By Grace Deng
Washington State Standard 

Washington not meeting lead testing requirements for kids, audit finds

 

January 11, 2024



Washington is failing to meet Medicaid lead testing requirements for kids, even for children most at risk for exposure to the dangerous neurotoxin.

That’s according to a recent state audit, which found that less than a third of children on Medicaid born from 2014 to 2016 were tested for lead before they turned 6 years old.

“We may think lead exposure is only an issue on the East Coast or in the Midwest – places with a history of industrial pollution and older homes,” the audit said. “However, this performance audit shows we can never be complacent about the risks our children face.”

Lead exposure is particularly harmful to young children and even low levels can cause lifelong health effects. It can cause brain and nervous system damage and problems with development, learning, hearing and speech. Kids are typically exposed to lead from sources like chipped paint in older homes or contaminated soil.

Only 26% of Washington children enrolled in Medicaid — known as Apple Health in the state — received at least one of the federally-required tests for lead exposure between 1 and 6 years old, according to the audit’s Department of Health data review. More than 240,000 of Washington’s Medicaid enrollees are kids under the age of 6.

Medicaid requirements call for children to receive blood lead screening tests at 12 and 24 months. Any child between 2 and 3 years old with no record of a previous test must also receive one. Only 3% of Washington’s childhood Medicaid enrollees received both tests.

“The state lacks an adequate process to ensure children enrolled in Medicaid receive required blood lead testing,” the audit authors wrote.

In the overall population, not just Medicaid enrollees, only 4% of the state’s children were tested in 2018, according to Centers for Disease Control and Prevention data. Compared to six other Western states, Washington had the highest percentage of children with elevated blood lead levels and the second-to-lowest rate of lead exposure testing.

Dr.
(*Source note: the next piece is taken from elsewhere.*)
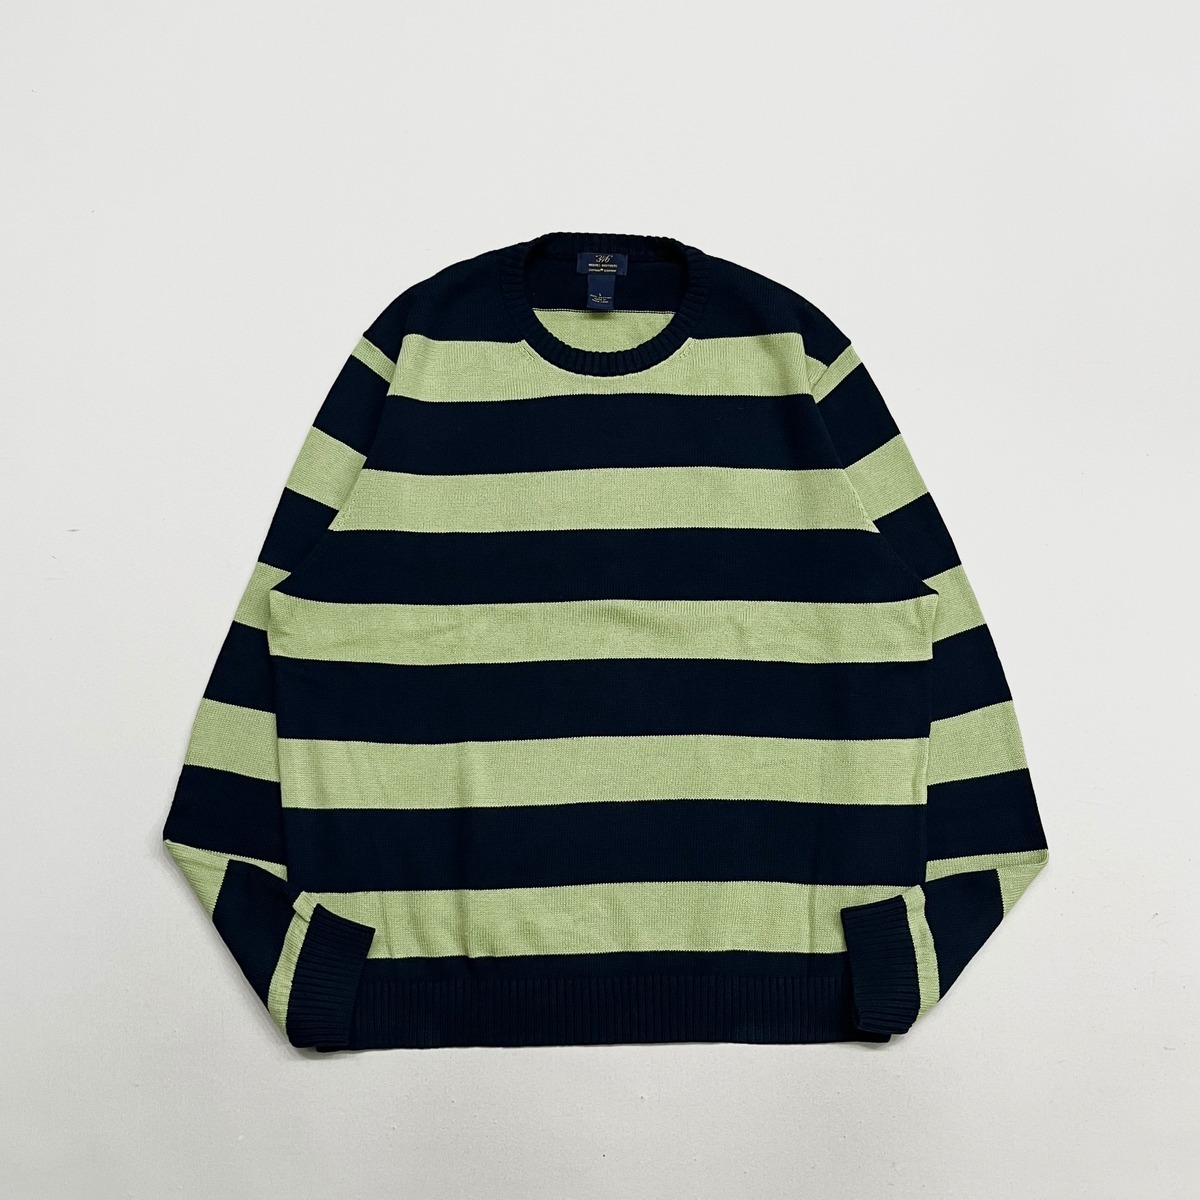 Brooks Brothers cotton sweater | High On Life used clothing

Scott Phillips, head of the Washington Poison Center, said testing rates might be low because health care providers just don’t think of lead as a common problem anymore.

“They’re seeing bigger problems and it’s kind of fallen off of their radar,” Phillips said.
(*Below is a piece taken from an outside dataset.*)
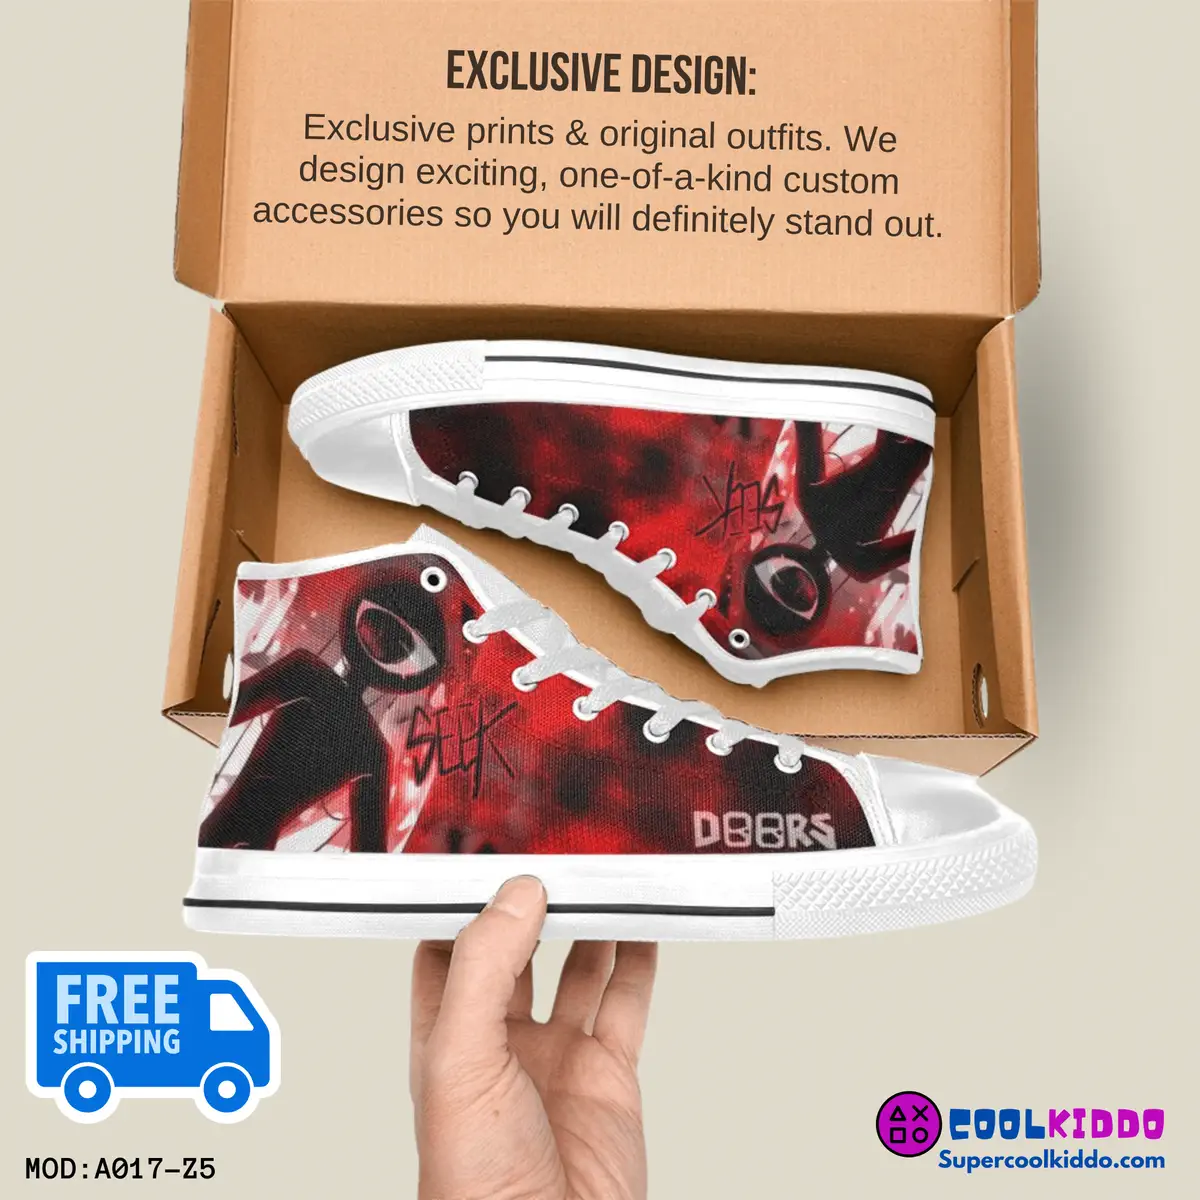 Roblox Doors Inspired High Top Shoes for Kids/Youth – “Seek” Character Print. High-Top Sneakers Cool Kiddo 22

Phillips said that aside from identifying risks in the household and getting a blood screening, parents can prevent the more severe impacts of lead poisoning by monitoring their child’s nutrition, as low levels of iron and calcium can result in the body absorbing more lead.

The audit also found that while children in areas with a heightened risk were tested at higher rates, Washington still isn’t meeting the Medicaid requirement in those communities. “Some communities with higher numbers of elevated test results also test the fewest children,” the audit said.

Lead testing results varied widely by county. Walla Walla and Adams counties tested more than half of its Medicaid-enrolled children before age 3. Eight counties tested less than 11% of their Medicaid-enrolled children.

Testing rates were nearly twice as high for children of families who do not speak or write English. State officials suggested possible reasons for this include refugee screening requirements, health care provider awareness of lead exposure risks for agricultural workers and public health outreach by local governments and immigrant community groups.

Tribal members, however, were tested at the lowest rates by race and ethnicity, despite having a higher rate of elevated test results. The audit cautions that tribal labs are not required to report testing rates to the Department of Health.

The audit recommends increased monitoring of the state’s compliance with the Medicaid lead testing requirement and providing clearer expectations and guidance to health care providers.

“The results of our analyses suggest that much more could and should be done,” the audit concluded.